Добавить в цитаты Настройки чтения

Страница 57 из 86

Они поднялись по осыпающейся тропинке, и Серафима Сергеевна встретила их со сдержанной радостью. Вряд ли она ждала, что случайные гости выполнят обещание. Вскоре она мягко, но недвусмысленно дала Овцыну понять, что у них с Эрой есть особый разговор и он тут лишний.

Лишний так лишний... Он надел плащ и пошел на бульвар, где под мелким, как пыль, дождичком гуляли люди, скоплялись у ларьков, фотографов и шашлычных, поднимали на память камешки, шишки, листья магнолий, кормили лебедей в прудах и дивились на чванливого павлина, распустившего пестрый хвост. И на пляже под бульваром были люди, не так много, как в солнечные дни, но порядочно.

Он дошел до пристани. Только что ошвартовалась сухумская «Ракета», из нее вываливались на берег растерянные экскурсанты, и он остановился у парапета, чтобы переждать этот поток. Свинцово-серое море, придавленное низким, косматым от облаков небосводом, ничем сейчас не отличалось по виду от осеннего Белого моря, от Балтики, да и от всех осенних морей, которые ему пришлось повидать. В будущем году экспедиция погонит суда на Амур. Наверное, осеннее Берингово море и осеннее Охотское море выглядят так же. Только увидит ли он эти моря?..

Овцын почувствовал на плече легкую руку и обернулся.

- Ты удивлен?- спросила Марина.

- Немножко, - сказал он.

- Рад?

- Несомненно. Мы с тобой никогда не ссорились, отчего же не порадоваться встрече?

- Это верно, - сказала Марина.- Нам не из-за чего было ссориться. Как живешь?

- В свое удовольствие, - ответил он. - А ты?

- Тоже радуюсь жизни.

- Ты похорошела, отрастила волосы.

- Заметил? - улыбнулась она.

- Ты не любила длинные волосы.

- И ты не любил. А мужу нравятся длинные волосы.

- Почему же ты одна? - спросил Овцын.

- Он остался в Сухуми ловить рыбу. У него такая страсть. Он целыми днями ловит рыбу.

- Соломон рассказал мне, что ты вышла замуж.

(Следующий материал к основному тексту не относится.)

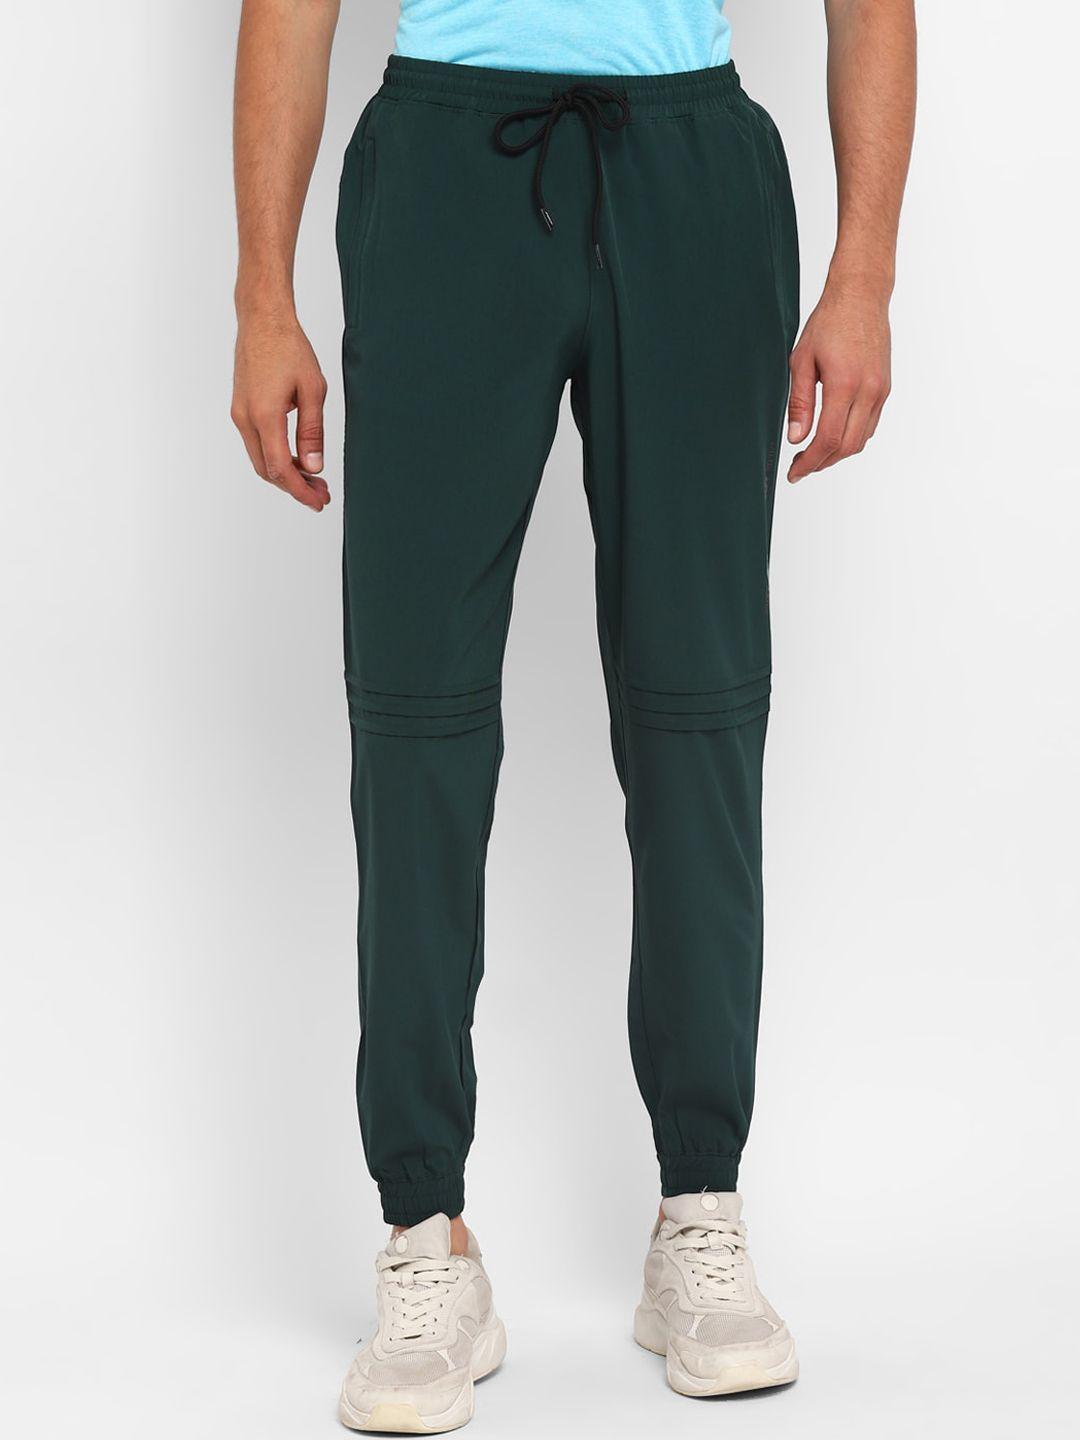 furo-by-red-chief-men-regular-fit-mid-rise-joggers

- Для этого я ему и написала, - отозвалась Марина. - Мне он тоже все рассказал. Ты счастлив?

- Счастлив.

- Вот и хорошо... Где Эра?

- Дома. Вернее, в гостях. Завтра мы улетаем.

- Мы позже... Какой противный дождь!

- Говорят, в такую погоду рыба хорошо клюет,- сказал он.

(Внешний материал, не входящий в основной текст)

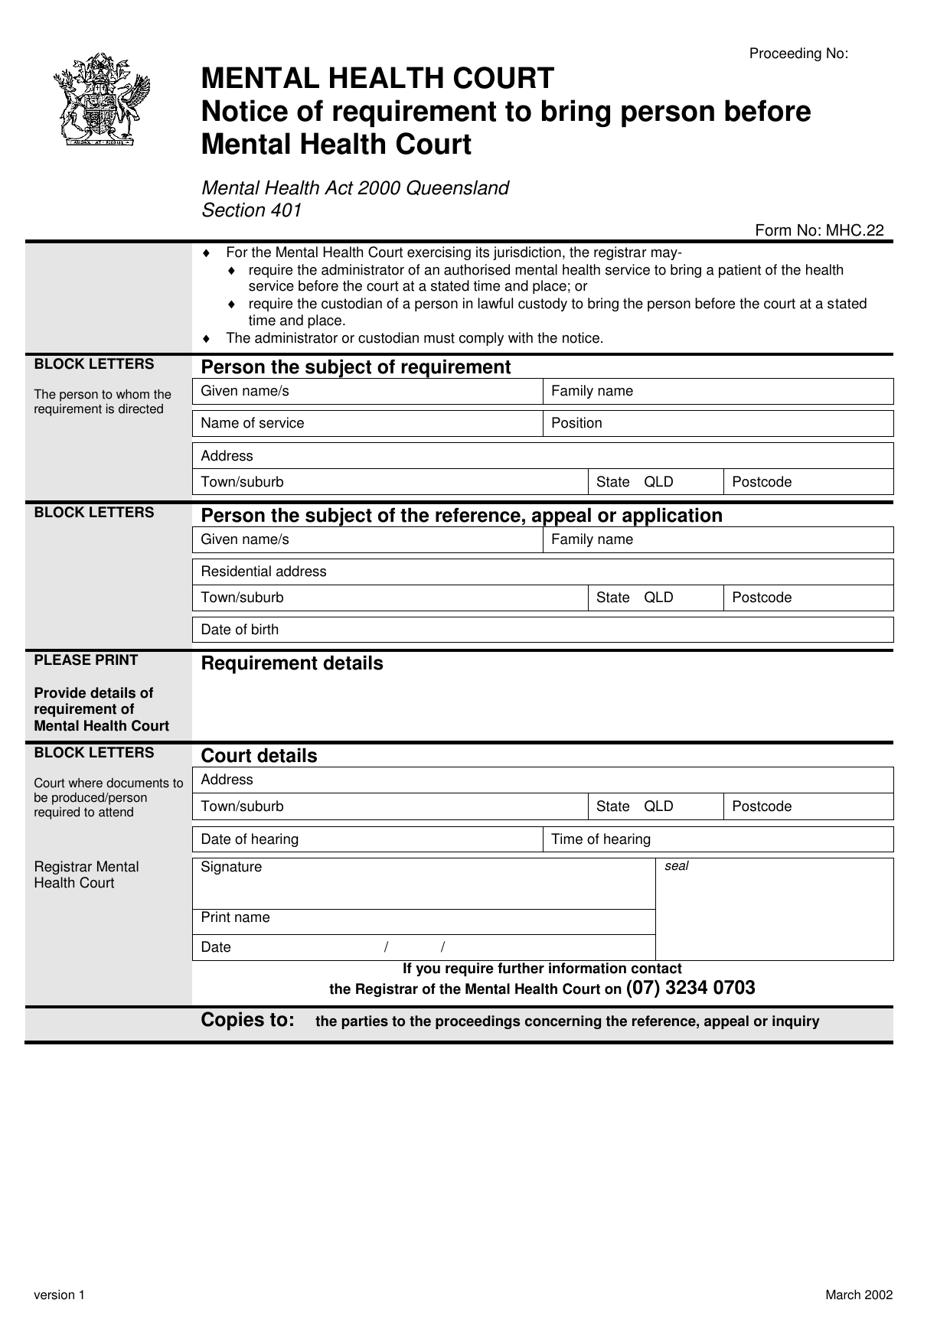 Form 22 Notice of Requirement to Bring Person Before Mental Health Court - Queensland, Australia, Page 1

- Не язви так мелочно, - поморщилась Марина.- Он очень любит меня. И давно. Он полюбил меня еще раньше, чем мы с тобой встретились. Но он не такой бойкий в этих делах, как некоторые...

- А ты его любишь? - спросил он.

- Люблю, конечно, - медленно проговорила Марина.- Но боже мой, как много разных смыслов имеет это слово...

- Да, слово емкое, - согласился он. - Не всегда угадаешь, что человек имеет в виду, когда говорит «люблю».

- Скажи, Иван, а что ты имел в виду, когда говорил «люблю» той, первой?

- Не знаю, - сказал он и пожал плечами.- Вполне возможно, что ничего не имел в виду. Просто, когда ее увезли обратно в Краков, я попытался перейти польскую границу. Всю ночь перед ее отъездом мы проговорили по телефону. Она сказала, что тоже любит и будет ждать всю жизнь. А я был нетерпелив и поперся через границу. Она была терпеливее, и через четыре года ей удалось приехать в Ленинград. Вот и все.

- Почему все? - спросила Марина.

- Остальное я тебе уже рассказывал.

- После этого «остального» она уехала обратно?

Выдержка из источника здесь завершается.